Regardless of whether the Legislature amends SB 8 or lets it run on its own, the statute is not going away. We think it’s more than likely that the demise of Roe will actually unleash lawsuits pursuant to SB 8 because the minimum threshold, which does create some fact issues, will be eliminated. Particularly as more businesses, nonprofit groups, and individual citizens provide assistance to employees to obtain abortions and, if necessary, to travel to get them, we will not doubt see a panoply of punitive responses, of which SB 8 will play a prominent part. In any event, courts in other states at some point in the near future will likely be confronted with what to do when their own citizens are sued in Texas by a Texas resident under a Texas statute. Closer to home, it’s only a matter of time—and probably not very much time—until SCOTX gets an appropriate case in the right procedural posture that it has to make a decision about.

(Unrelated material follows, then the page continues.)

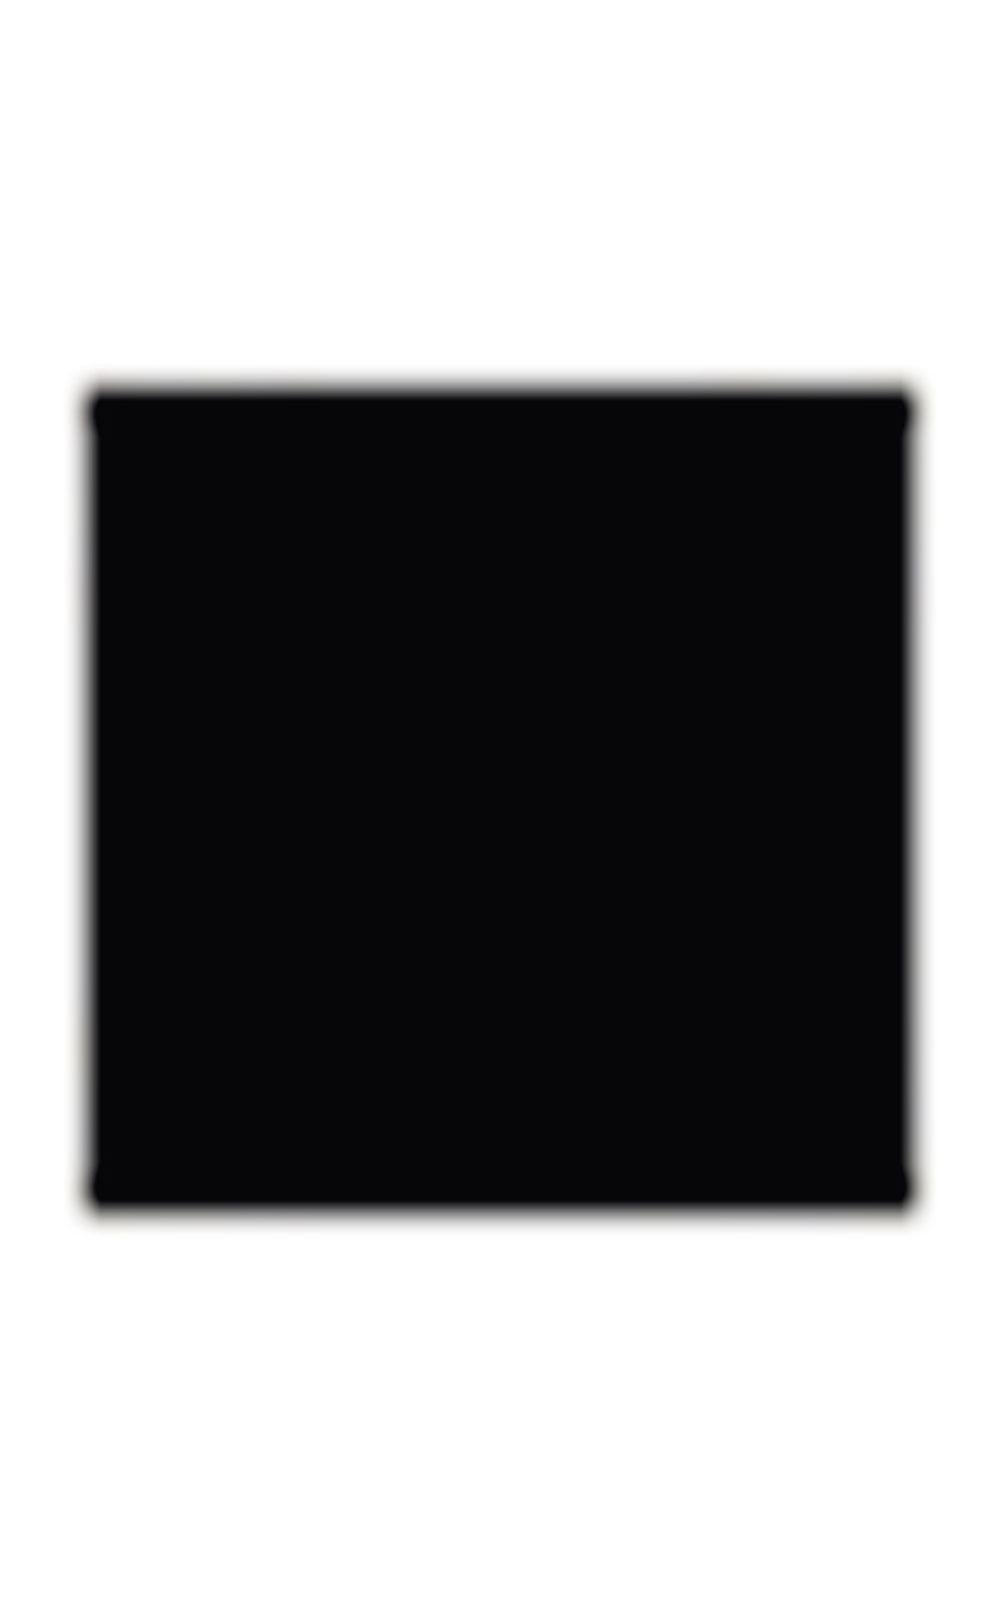 Foto 2 - Máscara para Cílios Gosh Copenhagen - Amazing Length N Build - Black
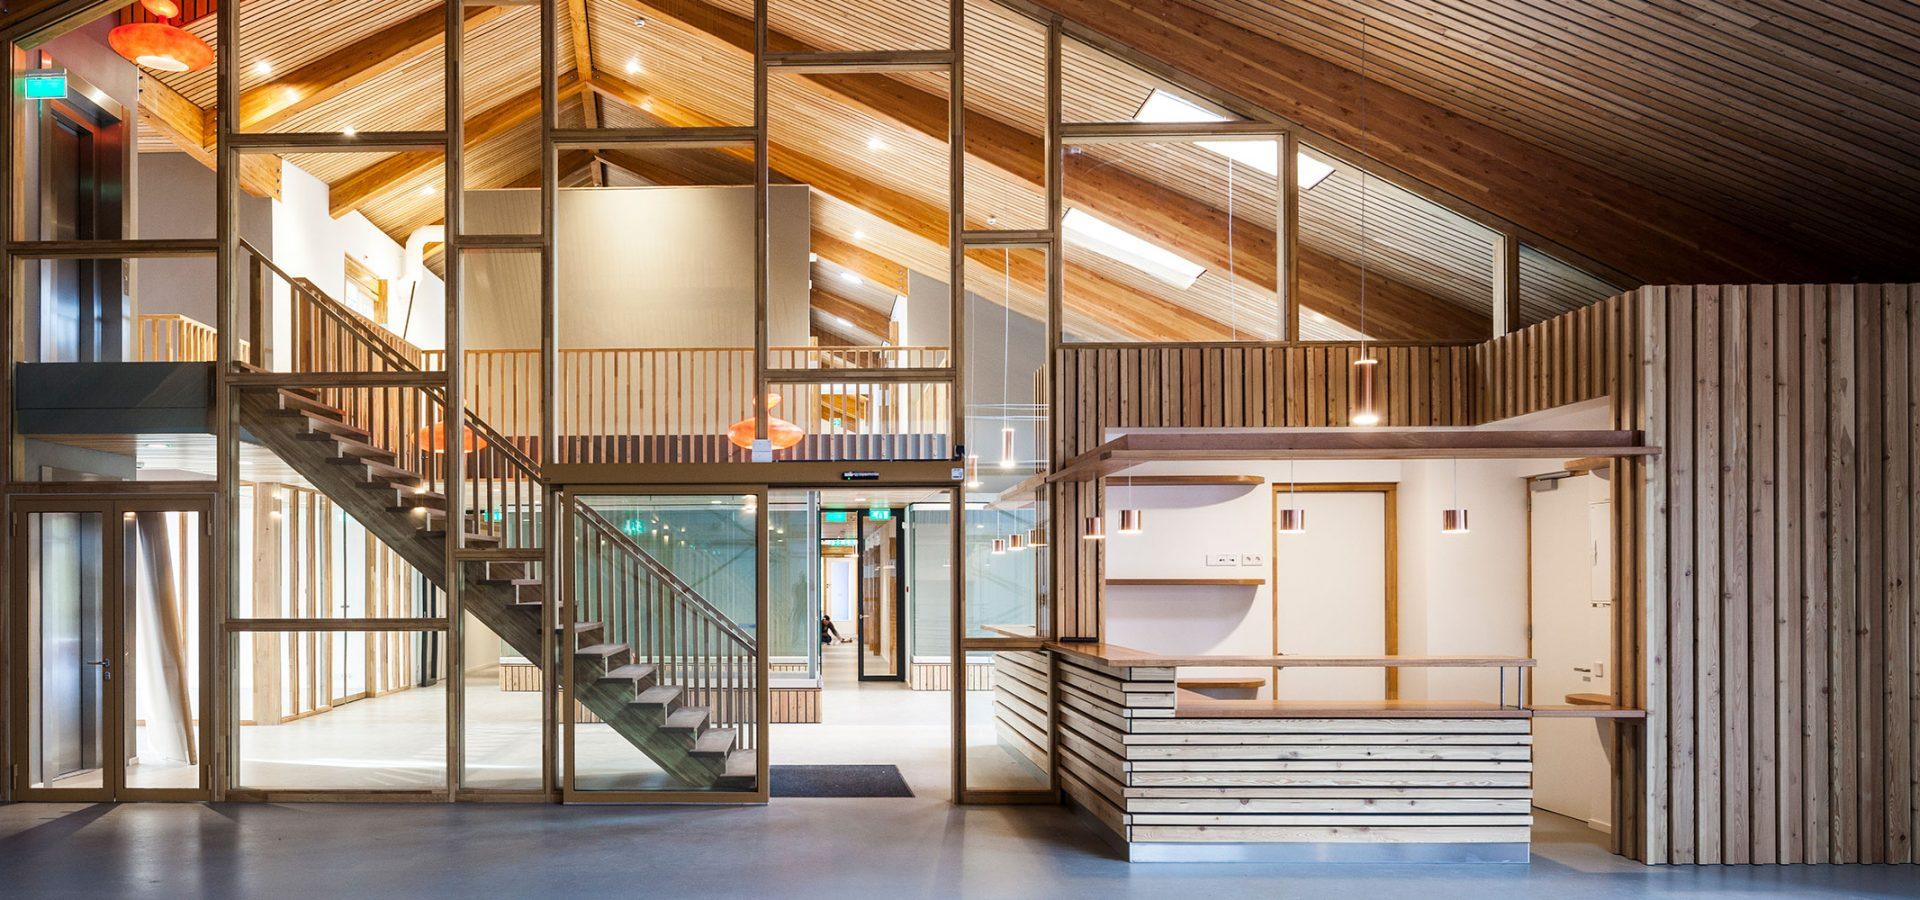 FARO architecten Dorpshuis Badhoevedorp

If you’re a Texas business, especially one with a multi-state or multi-national presence, SB 8 has to give your legal counsel a bad case of heartburn. How in the world is it possible to navigate the bitter and vicious political discourse and policymaking around this issue? With SB 8 on the table, the day may have dawned when businesses can no longer quietly do their own thing while the divisive public debate over abortion rages outside the window. If the existence of Roe v. Wade could ignite the kind of passionate—and sometimes violent—politics we have seen on abortion, imagine what overturning the case will do. Word to the wise: we are in no way saying that the case should or should not be overturned. That’s a constitutional issue to be resolved by SCOTUS, and we express absolutely no opinion on it. But we are in the business of promoting public policy around the judiciary and civil justice system that makes Texas an attractive and jurisprudentially stable place to do business. Letting people use that system to sue business willy-nilly and without concrete injury is not conducive to those objectives. That’s what SB 8 does now and will likely do after Roe, whether we like it or not.